DEPOK, POSKOTA.CO.ID — Penemuan jasad membusuk yang sempat diduga sebagai bayi di flyover Jalan Tanah Baru, Kecamatan Beji, Kota Depok, pada Jumat sore, 5 Juni 2026, akhirnya dipastikan bukan jasad manusia. Hasil pemeriksaan tim forensik menyatakan bahwa temuan tersebut adalah bangkai seekor kucing.
Kepastian itu disampaikan pihak kepolisian setelah dilakukan pemeriksaan lanjutan oleh tim dokter forensik RS Bhayangkara Brimob, Kelapa Dua, Cimanggis, Kota Depok.

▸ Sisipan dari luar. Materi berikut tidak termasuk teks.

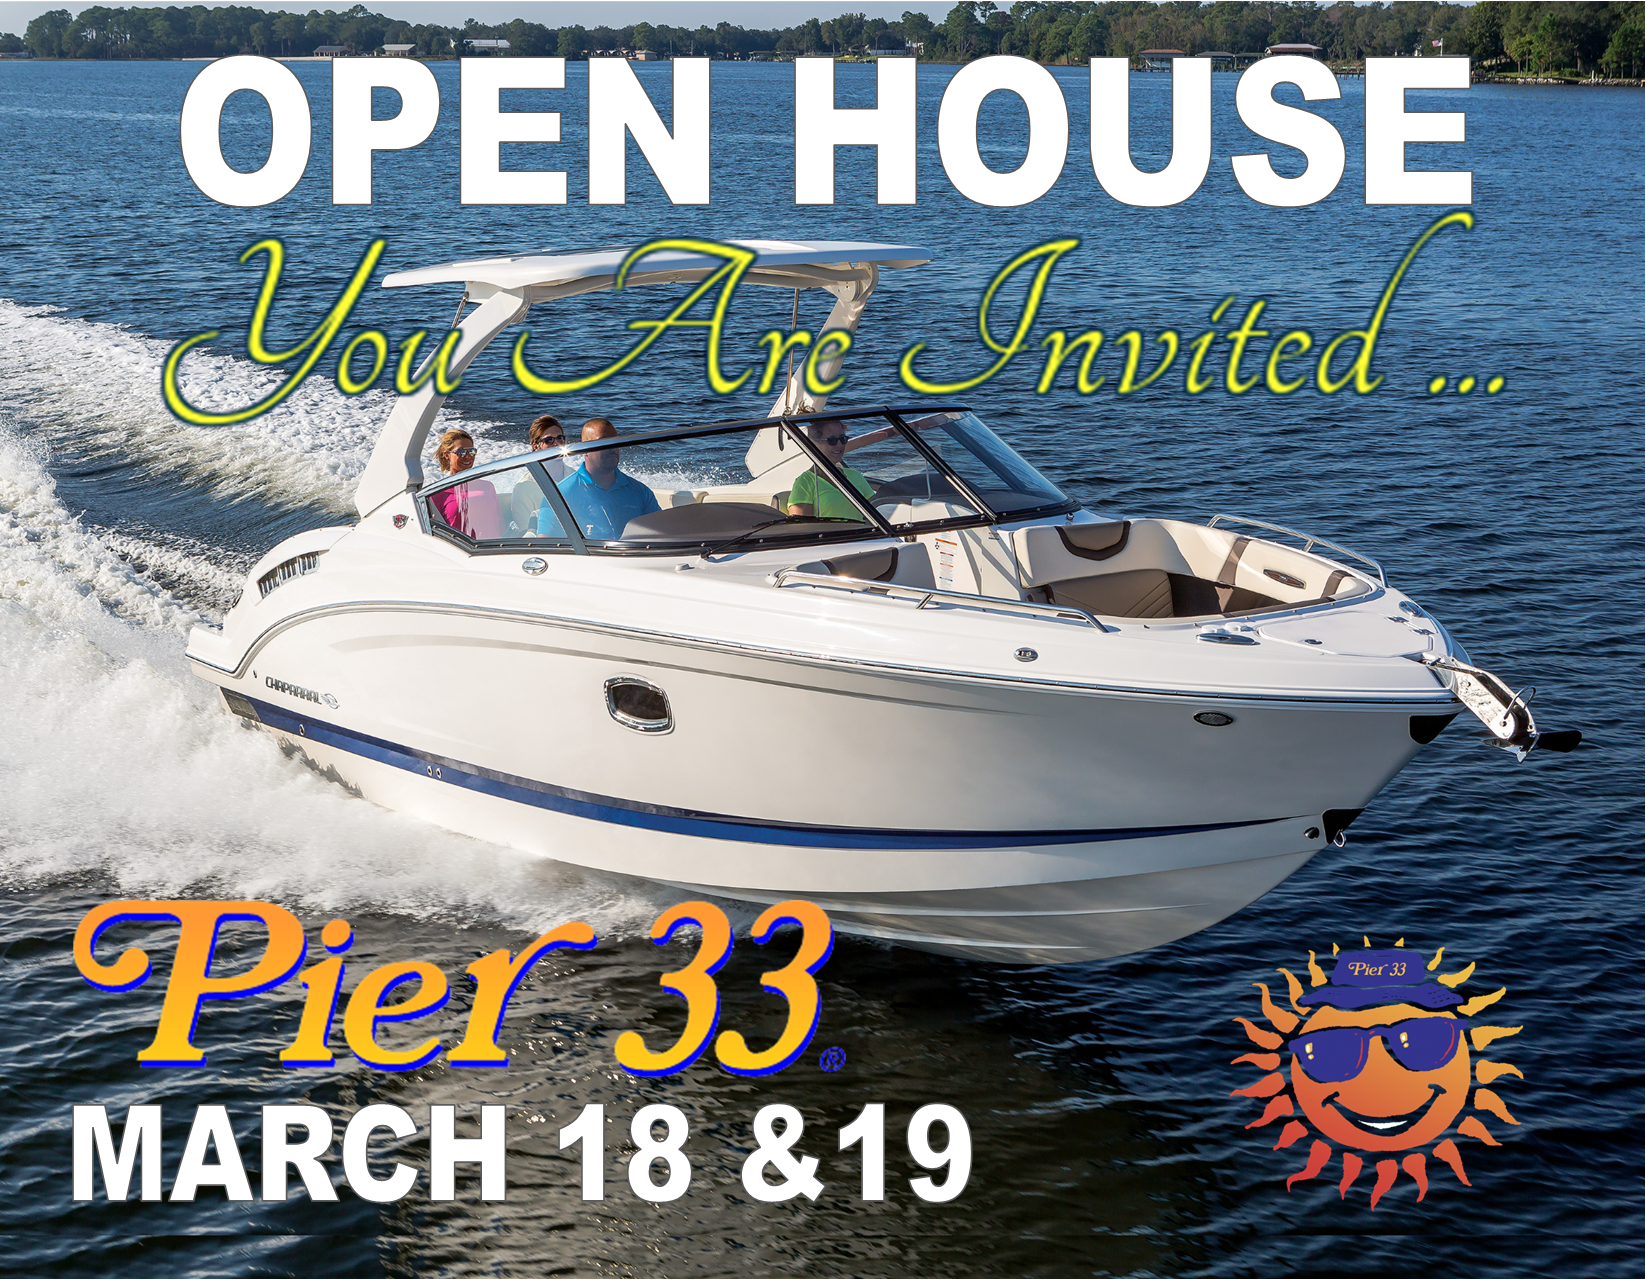 You Are Invited to the Pier 33 Open House, March 18 & 19

Kanit Reskrim Polsek Beji, Iptu Ahmad Lailatul, menjelaskan bahwa sejak awal kondisi bangkai sudah dalam keadaan sangat membusuk sehingga menyulitkan proses identifikasi awal di lokasi kejadian.
Baca Juga: Mayat Bayi di Flyover Beji Gegerkan Warga, Polisi Ungkap Kondisi Jasadnya
Tim Inafis Polres Metro Depok sempat kesulitan memastikan apakah temuan tersebut merupakan jasad bayi atau hewan, karena bagian tubuh sudah tidak utuh.
“Karena bentuknya sudah membusuk dan hancur, tim Inafis juga belum dapat memastikan apakah itu bayi atau binatang kucing. Setelah dibawa ke kamar otopsi rumah sakit, saat diperiksa lebih lanjut terlihat ada ekor kucing,” ujar Lailatul, Sabtu pagi, 6 Juni 2026.
Dipastikan Bukan Jasad Bayi
Dari hasil pemeriksaan tersebut, dipastikan bahwa bangkai yang ditemukan bukan jasad manusia seperti yang sempat ramai diberitakan di media sosial.
Menurut polisi, posisi bangkai yang telentang serta kondisi tubuh yang sudah rusak membuatnya sempat disalahartikan sebagai jasad bayi.
“Bangkai kucing itu. Saat ditemukan kondisinya sudah sangat sulit dikenali, bagian perut ke bawah sudah hancur sehingga terlihat seperti bayi,” jelasnya.
Pihak kepolisian juga menegaskan bahwa informasi yang sempat viral di media sosial terkait penemuan jasad bayi di lokasi tersebut tidak benar.
Dengan hasil pemeriksaan forensik ini, masyarakat diimbau untuk tidak mudah mempercayai informasi yang belum terverifikasi, terutama yang beredar di platform media sosial.